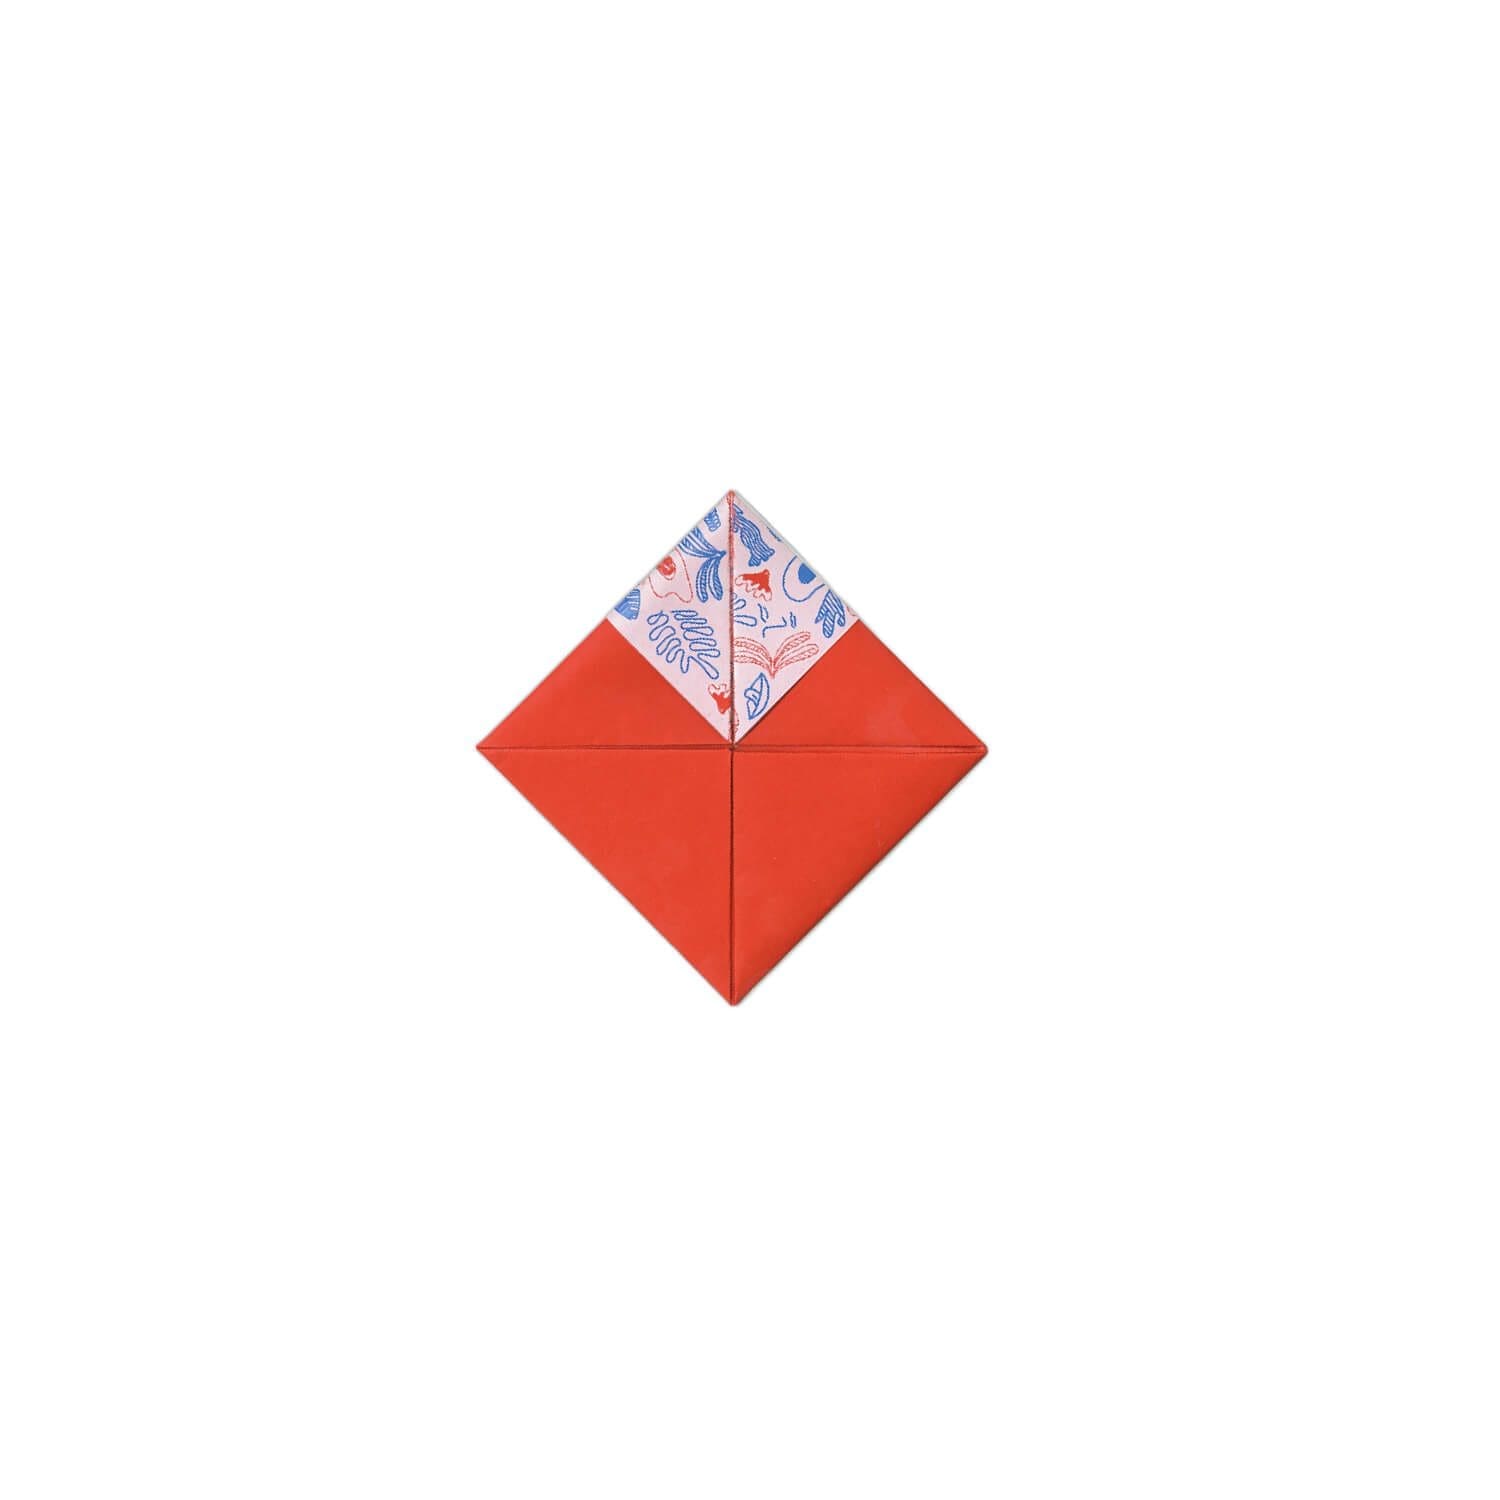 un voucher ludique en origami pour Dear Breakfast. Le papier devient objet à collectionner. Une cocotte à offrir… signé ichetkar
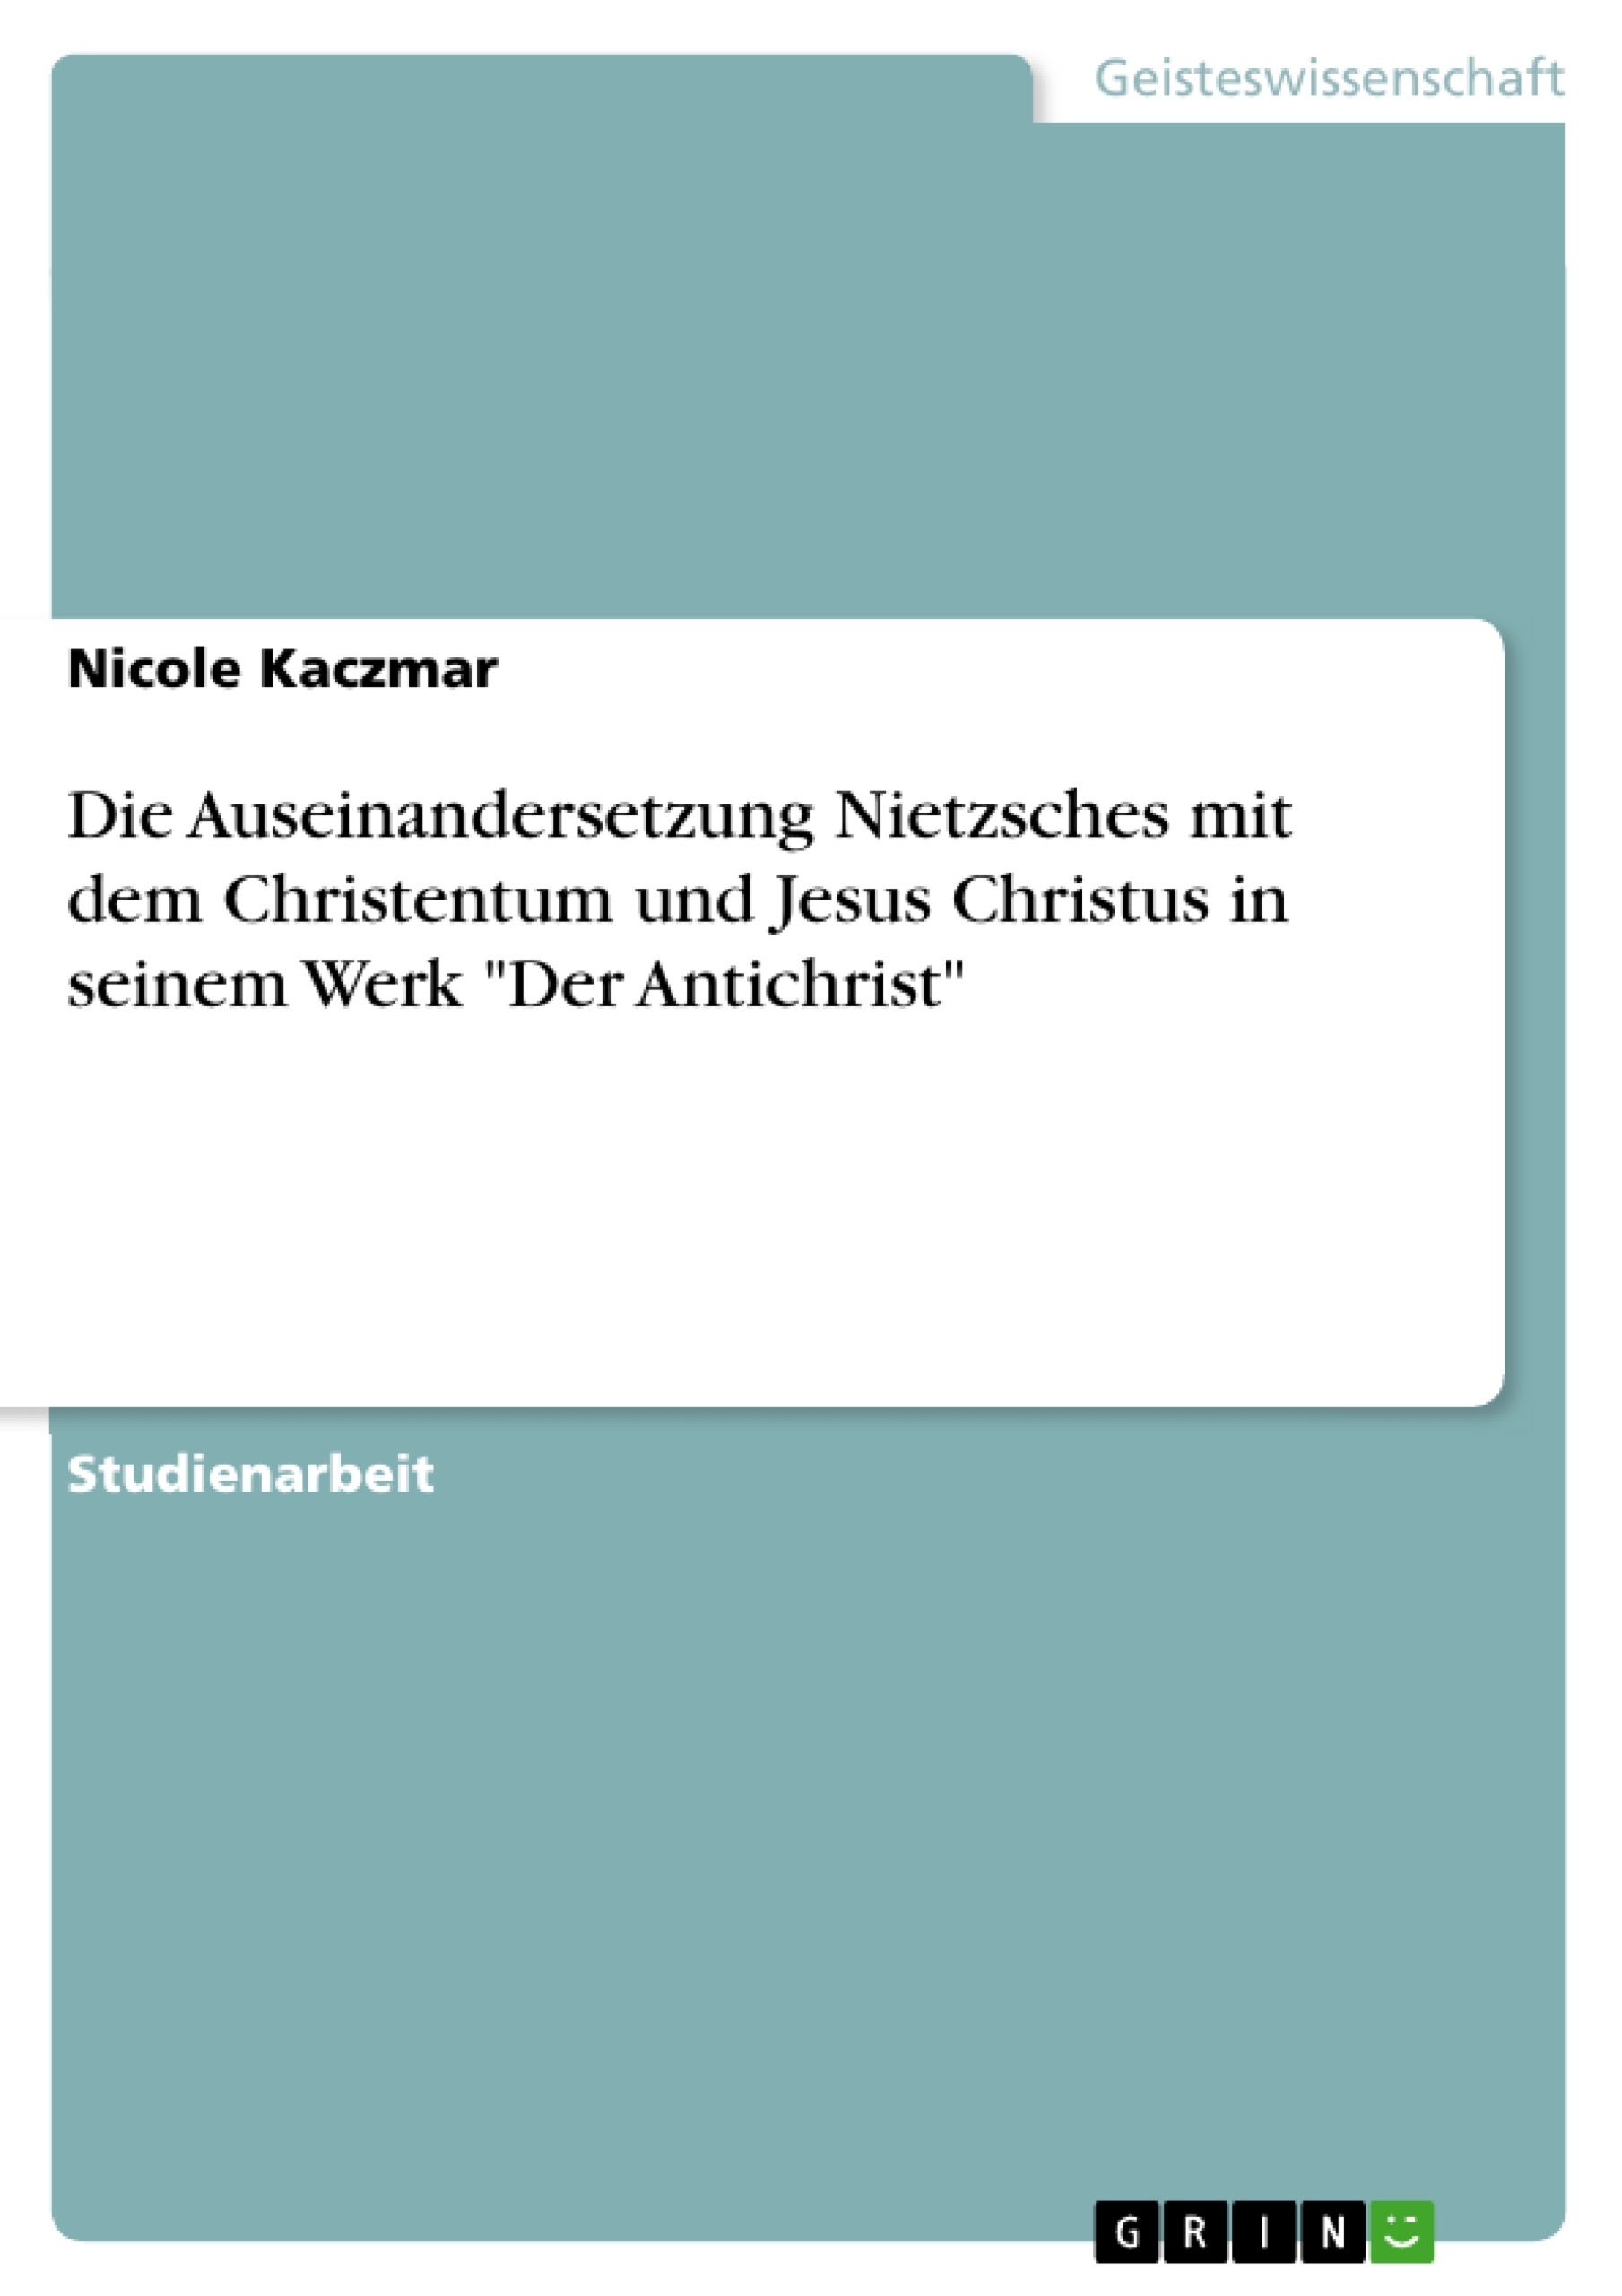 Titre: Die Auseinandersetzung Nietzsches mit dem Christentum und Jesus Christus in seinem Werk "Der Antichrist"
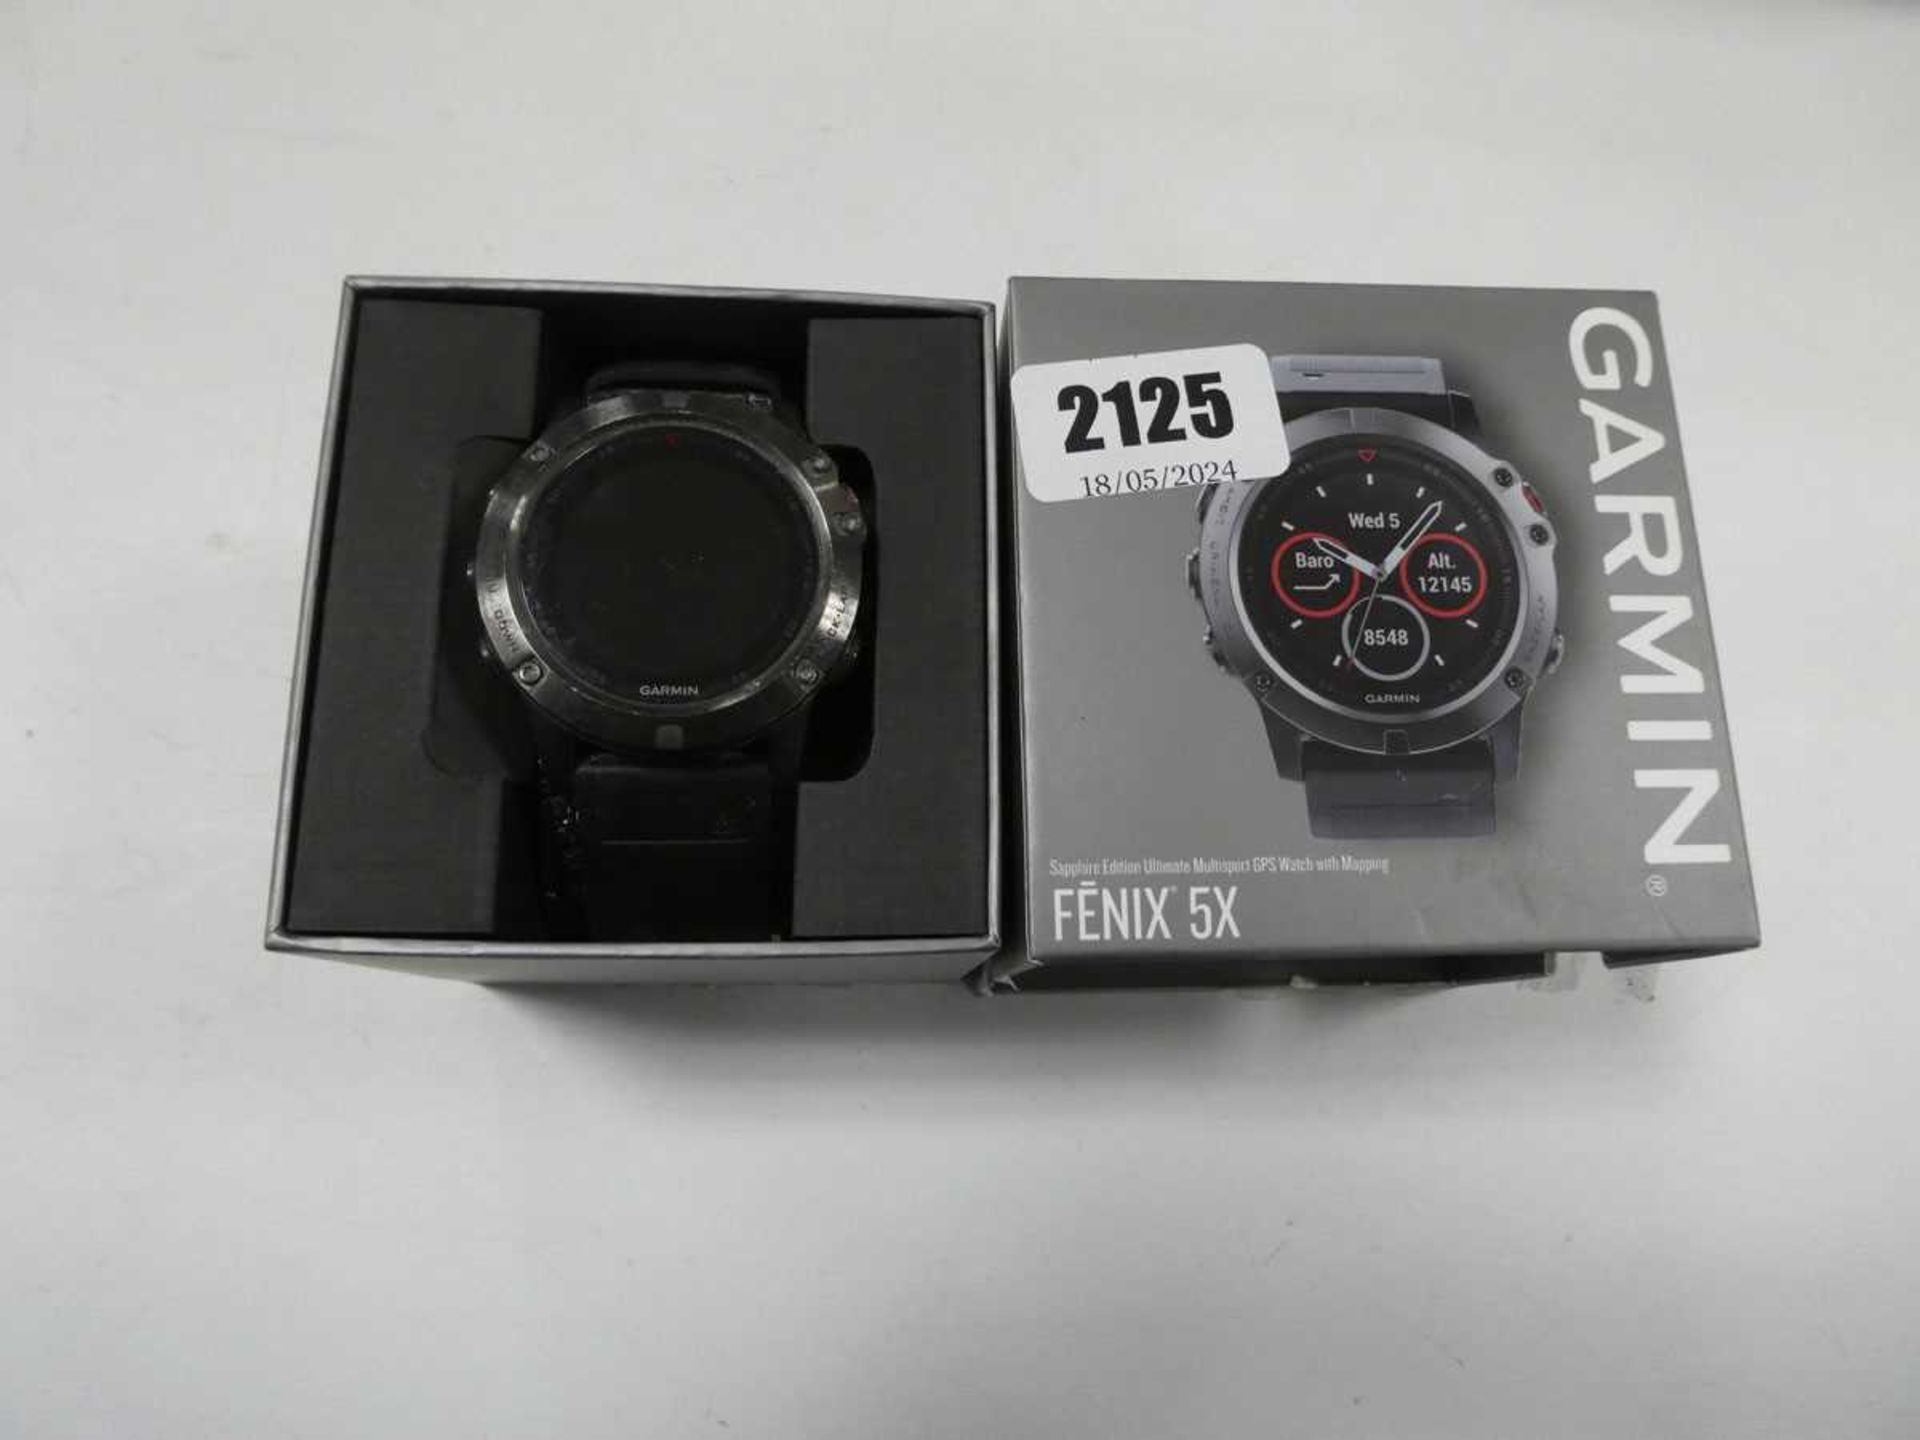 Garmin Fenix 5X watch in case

################

> [Task objective]:
Copy the whole listing exactly, excluding the pictures in it.

> [Reply to the exercise]:
 un voucher ludique en origami pour Dear Breakfast. Le papier devient objet à collectionner. Une cocotte à offrir… signé ichetkar
 Titre: Die Auseinandersetzung Nietzsches mit dem Christentum und Jesus Christus in seinem Werk "Der Antichrist"
 Garmin Fenix 5X watch in case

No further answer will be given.